Physical characteristics
- Source: Cascade Range
- • coordinates: 47°43′7″N 121°3′3″W﻿ / ﻿47.71861°N 121.05083°W
- • elevation: 4,681 ft (1,427 m)
- Mouth: Wenatchee River
- • coordinates: 47°34′48″N 120°39′57″W﻿ / ﻿47.58000°N 120.66583°W
- Length: 31.8 mi (51.2 km)
- Basin size: 212.7 sq mi (551 km^{2})
- • location: river mile 5.8
- • average: 614 cu ft/s (17.4 m^{3}/s)
- • minimum: 44 cu ft/s (1.2 m^{3}/s)
- • maximum: 19,800 cu ft/s (560 m^{3}/s)

= Icicle Creek =

Icicle Creek is a non navigable stream in the U.S. state of Washington. It originates at Josephine Lake near the crest of the Cascade Range and flows generally east to join the Wenatchee River near Leavenworth. Icicle Creek's drainage basin is mountainous and mostly undeveloped land within the Wenatchee National Forest and the Alpine Lakes Wilderness. The final 6 mi of the creek are moderately developed with scattered homes and pasture, a golf course, children's camp, a small housing development called Icicle Island Club, and the Leavenworth National Fish Hatchery. Some water is diverted from the creek for municipal use by the City of Leavenworth at Icicle Creek river mile 5.6. Near Leavenworth, the wheelchair-accessible Icicle Creek Nature Trail, a National Recreation Trail designated in 2005, runs 1.0 mi along a historic creek channel.

Icicle Creek's name comes from the Indian word na-sik-elt, meaning narrow canyon.
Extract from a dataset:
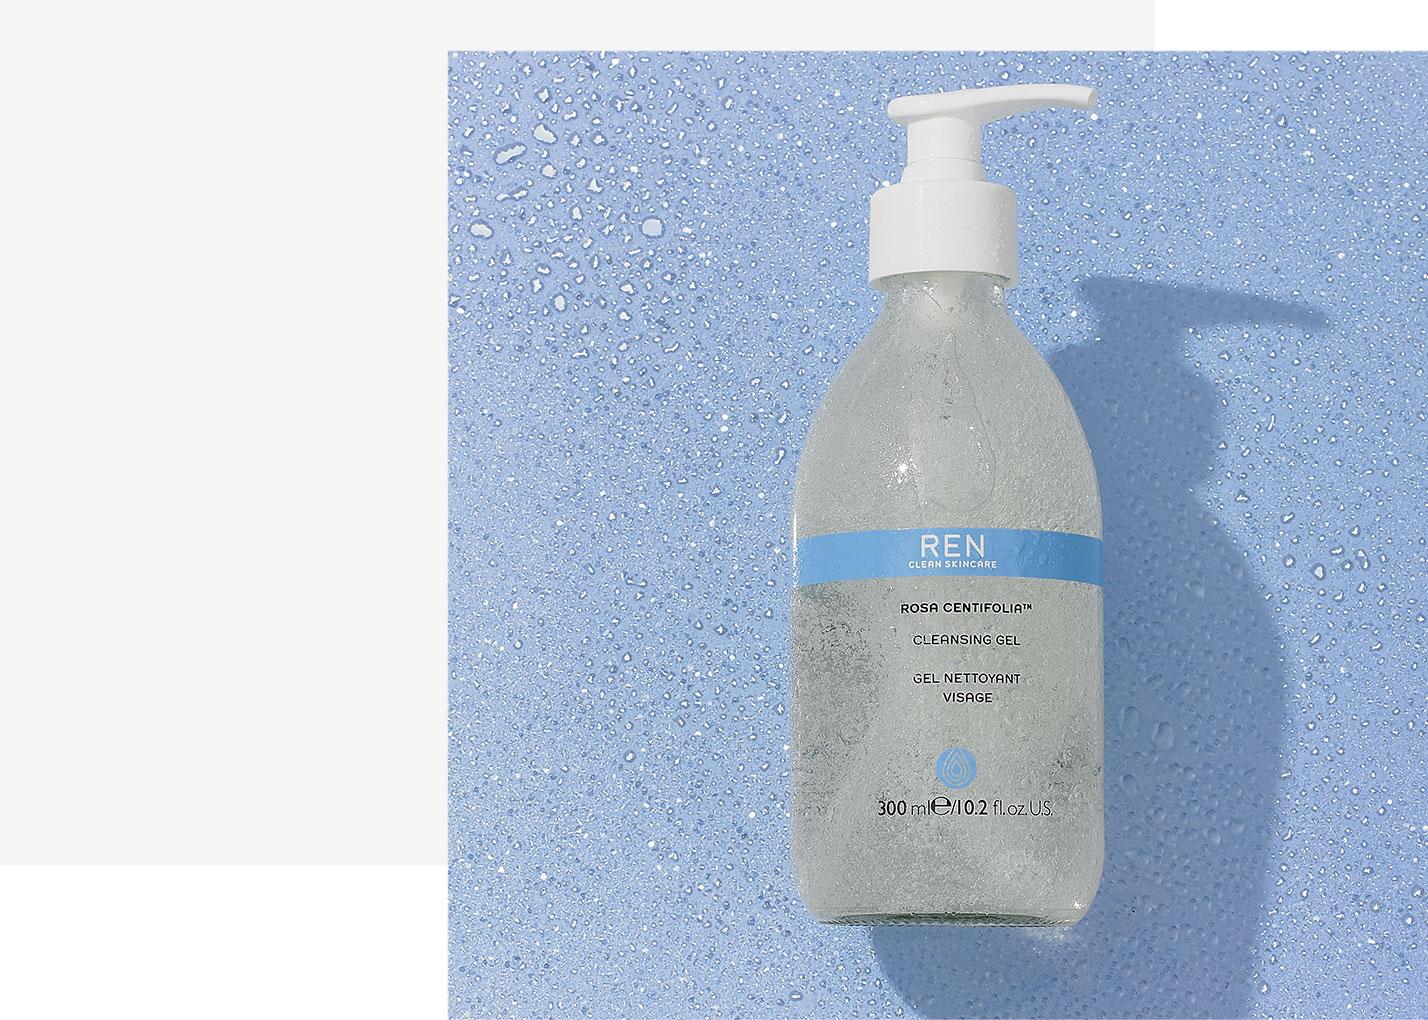 The refillable future of skincare.

According to Albert H. Sylvester, topographer and Forest Service surveyor for many years, "Place the letter n at the beginning of icicle and the letter t at its end, and you practically have the Indian word."
Original patents was Northern Pacific Railroad patent number #32, Joseph Scott patent number #907, and George Briskey patent number #516.

==Course==
Icicle Creek begins as the outlet of Josephine Lake, less than a mile from the crest of the Cascade Range and the headwaters of Tunnel Creek, a tributary of the west-flowing Skykomish River. Stevens Pass is a few miles north of the lake. The Pacific Crest Trail passes along the lake's western side. Josephine Lake's altitude is 4681 ft. Icicle Creek flows south from the lake through a deep and narrow valley. After a few miles it turns southeast and its valley takes on a classic glacier-carved U-shape. Icicle Creek begins to turn more directly south near river mile 22, just after Spanish Camp Creek joins from the northeast. Spanish Camp Creek and its headwater tributaries drain the high alpine western side of Icicle Ridge from Grindstone Mountain to Cape Horn and Ladies Pass.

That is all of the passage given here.